Another reason why H-bridge topology comes into sight is that similar converters are often designed for bidirectional operation. A H-bridge is the "natural" solution in this case.
 

Sorry, I wasn't extremely clear in my post, it is easier to get fets with lower on drop for a full wave rectifier, e.g. 250V ones, if you go only to 0.4V each fet bank you still need 120 fets to do this in a full bridge and the losses will be 0.8 x 400 = 320W, at full power.

Using a push-pull (CT) output rectifier and 500V fets at say 0.1 ohm each, you need 200 + 200 fets to achieve this (0.2V on, and 80W total), 100 + 100 of 500V fets will give 0.4V and 160W in total (still 200 moderately expensive fets).

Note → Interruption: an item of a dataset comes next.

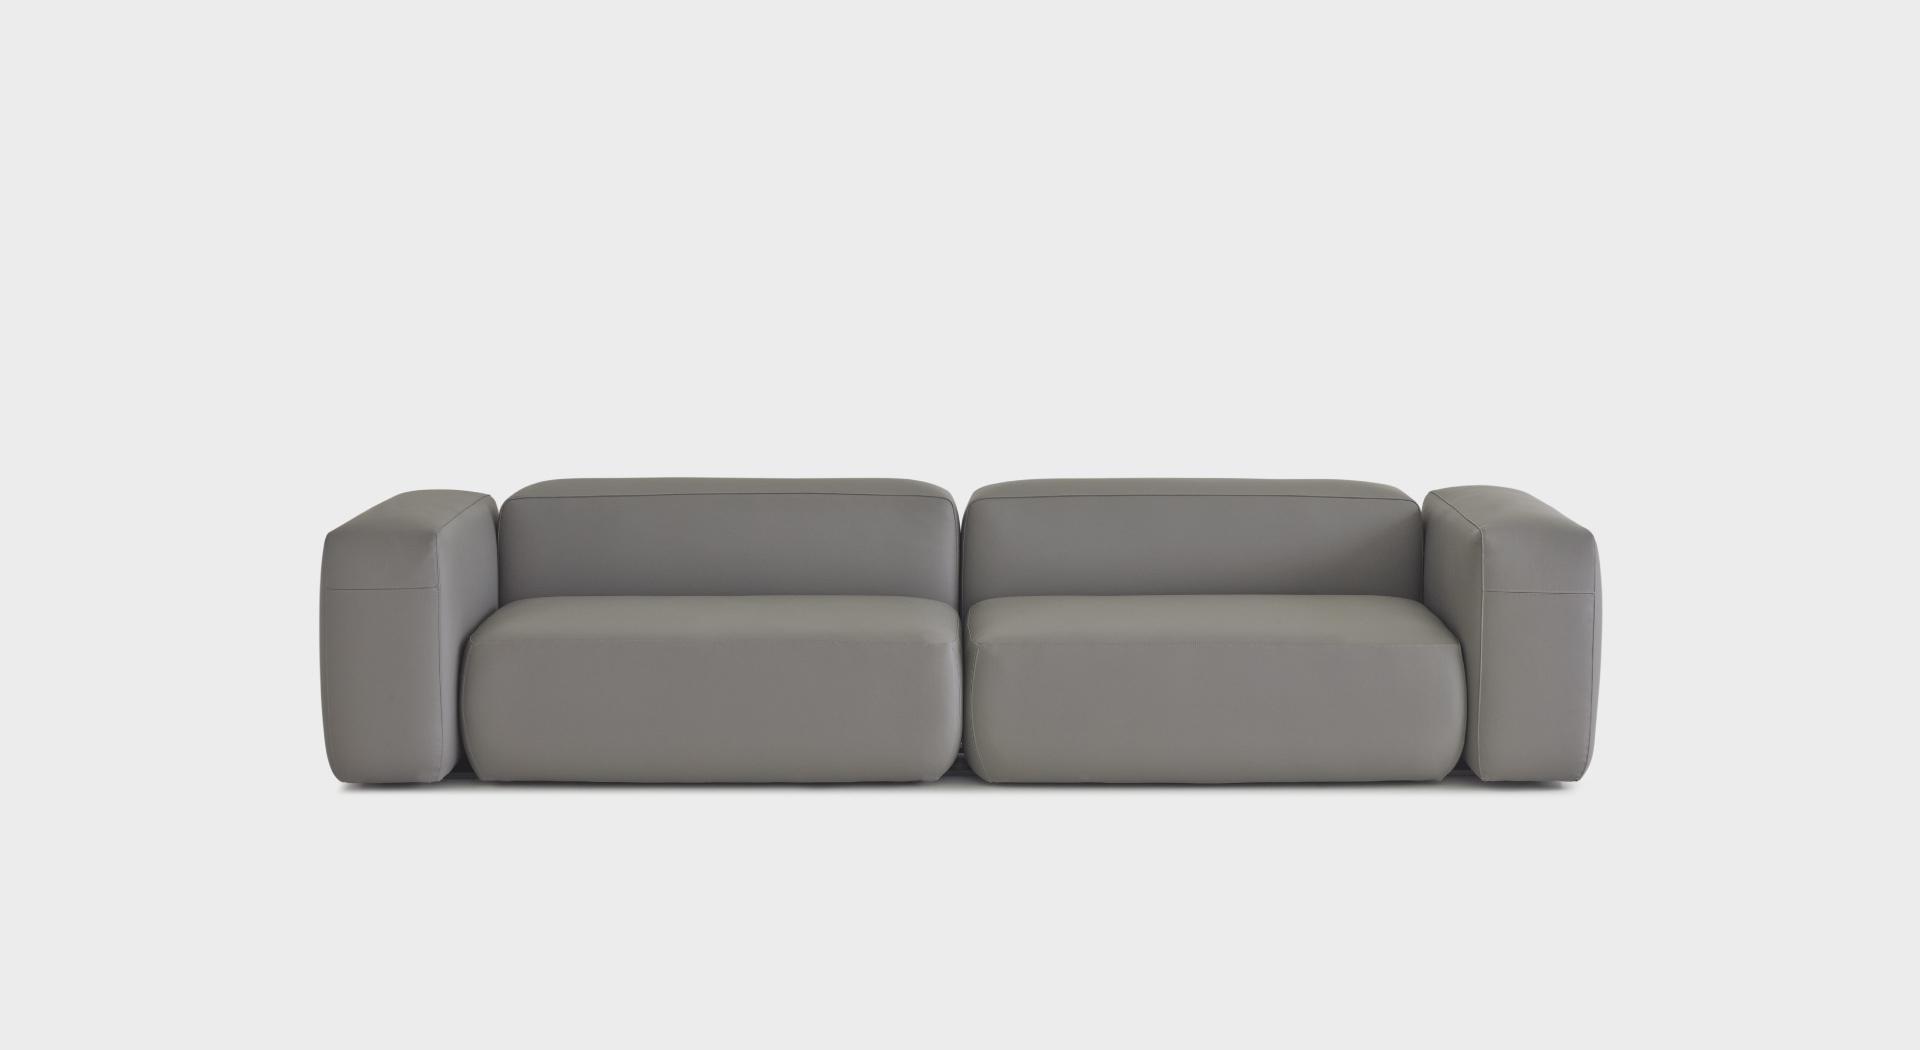 Full Size of Modulares Sofa Mit Schlaffunktion Lennon Westwing Kissen Modular Set Flex Dhel Leder System Ikea Plus Classic Zwei Sitzflchen Armlehnen Englisch L Sofa Modulares Sofa

240 x 240V fets will give 0.274V + 0.274V = .548V * 400A = 220W, so more losses but much cheaper fets...

Regards, Anna.

p.s. correction: just found N-channel 500 V, 0.035 Ω, 68 A, MDmesh™ II Power MOSFET
in a TO-247 package, at about $10 ea, thus 70 + 70 of these give 0.2V @ 400A (80W total)
i.e. 1.4W per fet average, stand up on pcb with no h-sink and a wee fan to blow over them, 2 lots of 8 x 9 array
approx 160mm x 100mm each array, fan (92mm) positioned above, heavy due to 140 fets, but effective.